Removal of tip 30 is obtained by providing relative rotational motion between tip 30 and wedging surface 40 on extension 29. Such rotational motion may be obtained with ejection lever 36 which is coupled to rotate the cylinder barrel 27 of pipette 20.
As can be seen from the view of FIG. 2, tip 30 is provided with a pair of cam surfaces 44-44' and apices 52-52'. The cam surfaces 44 recede from the apices 52 along a spiral line whose pitch is selected to assure the desired twisting-tightening motion during attachment to pipette 20. The tapered working end 28 of the pipette 20 is shown provided with a resilient seal 53 in the form of a pair of O rings 54 set in corresponding grooves. The seal element further enhances the air seal between the tip 30 and pipette 20.
FIG. 2A illustrates a modified form of a seal 53' whereby the working end 28 of the pipette is provided with a frusto conical resilient insert 55 such as can be made of a suitable elastomer material. Insert 55 may be bonded to the working end 28 and may include molded O rings for enhanced sealing with a tip 30. Seal 53' is particularly effective when a tip 30 is provided with a pair of conventional annular molded O rings 56 which inwardly project into bore 48 of tip 30' near its pipette receiving end to engage a resilient insert 55.
As previously explained, operation of pipette 20 is automatic once it has been actuated by the operator. The pipette 20 includes within its main housing 22, as illustrated in FIG. 4, a rotationally mounted elongated cylinder barrel 27 in which a piston 60 is operatively mounted. The cylinder 27 has a bore 62 shown with exaggerated size for clarity since for handling very small quantities of liquid the bore 62 may have a small cross-section and may be varied to handle various ranges of liquid samples.
The piston 60 is shown in the form of a plunger rod extending into the bore 62 through a seal 63 and is provided at one end with an engaging element 64 for reciprocational control of piston 60 along the axis of cylinder bore 62. Reciprocation of piston 60 provides intake or discharge conditions at the liquid flow control port 37 located at the tip of working end 28.
Reciprocation drive of piston 60 is provided by an electric motor drive 66 including any needed reduction gears coupled to rotate a lead screw 68, which in turn is operatively connected to engaging element 64 of piston 60. Other drives may be used such as a belt coupled to the motor and piston 60. Hence, depending upon the direction of rotation of lead screw 68, the piston is moved either along an intake or discharge stroke.

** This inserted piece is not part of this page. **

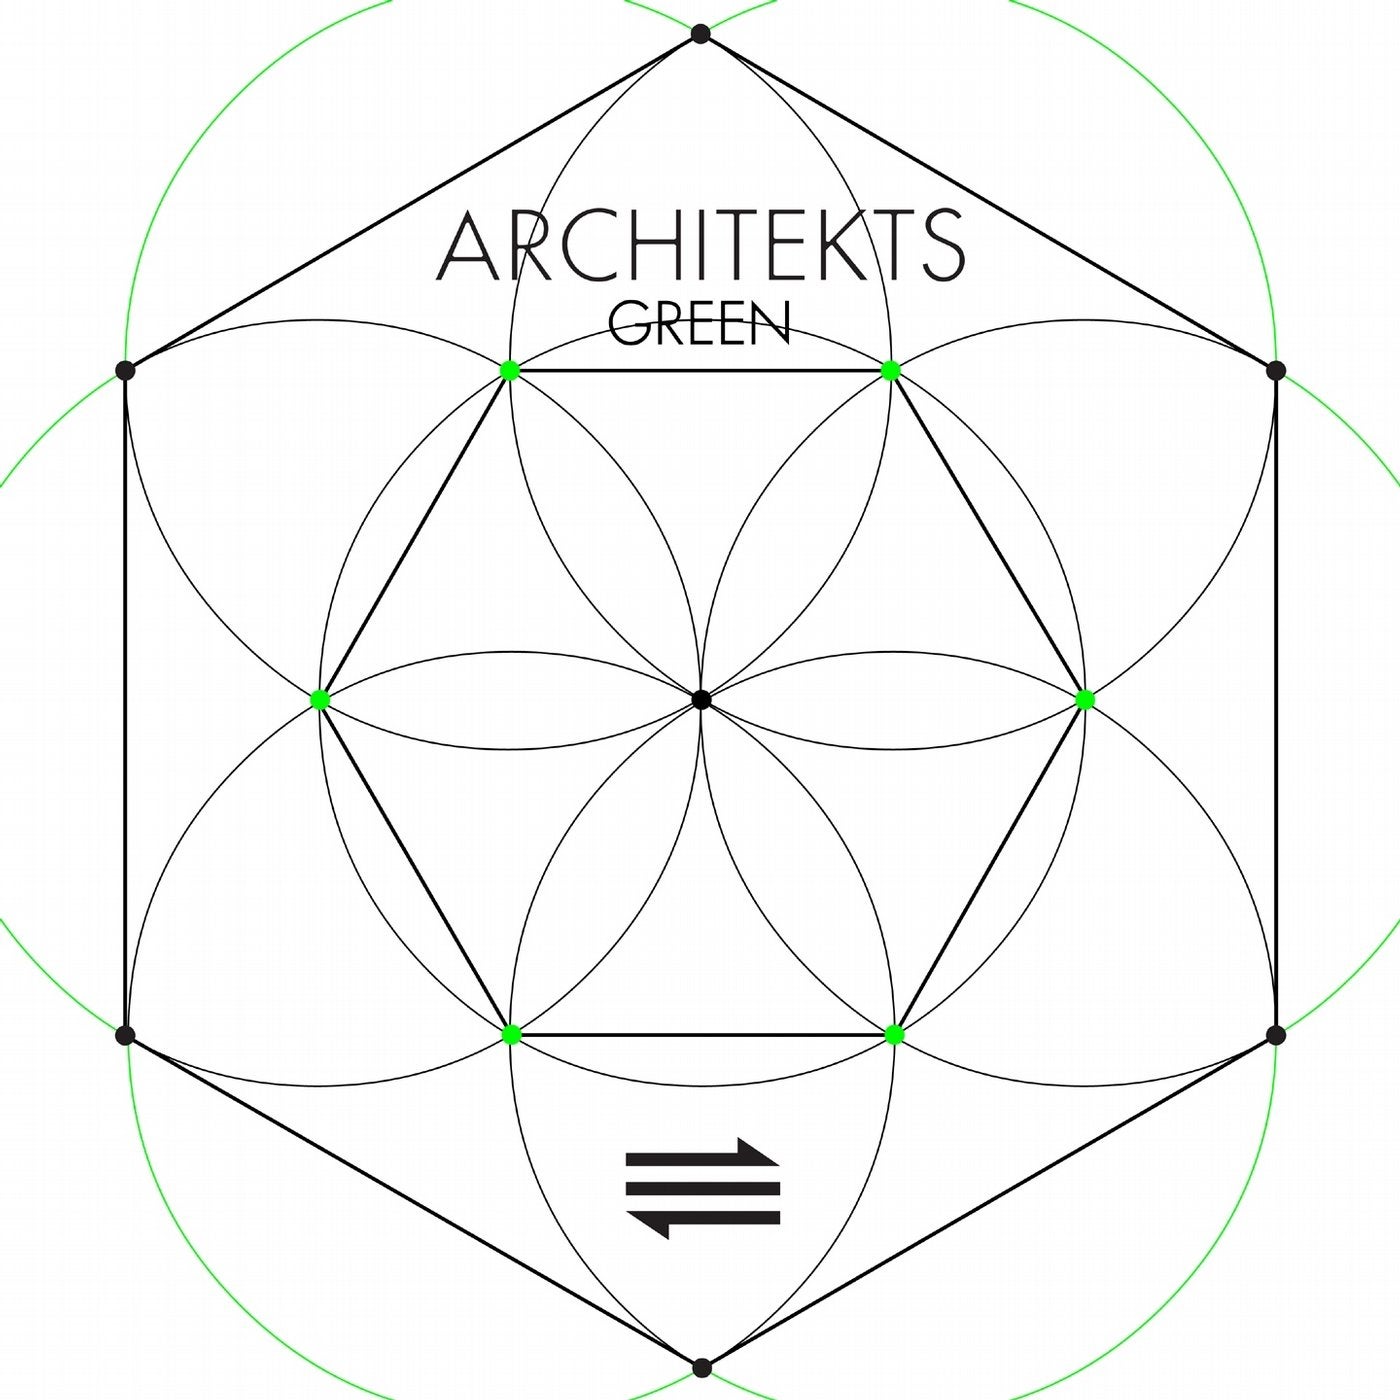 Architekts, Vol. 2 (Green)

In the view of FIG. 4, piston 60 is shown seated against a pivotally mounted gate element 70, which can be flipped or pivoted out of the intake path of the piston 60 by an actuator 72. The gate element 70 is pivoted about a pivot pin 74 and biased by a spring 76 against a stop pin 78 to a precisely defined position relative to piston 60. The gate element in FIG. 4 is shown pivotally mounted to housing 24; however, the gate element may also be mounted on piston 60 as explained with reference to FIGS. 5-8.
The start of the intake stroke of piston 60 begins with the piston 60 stopped against gate element 70 as shown in FIG. 4. The point of engagement 71 is precisely determined so that the piston commences its intake stroke at the same precisely known place.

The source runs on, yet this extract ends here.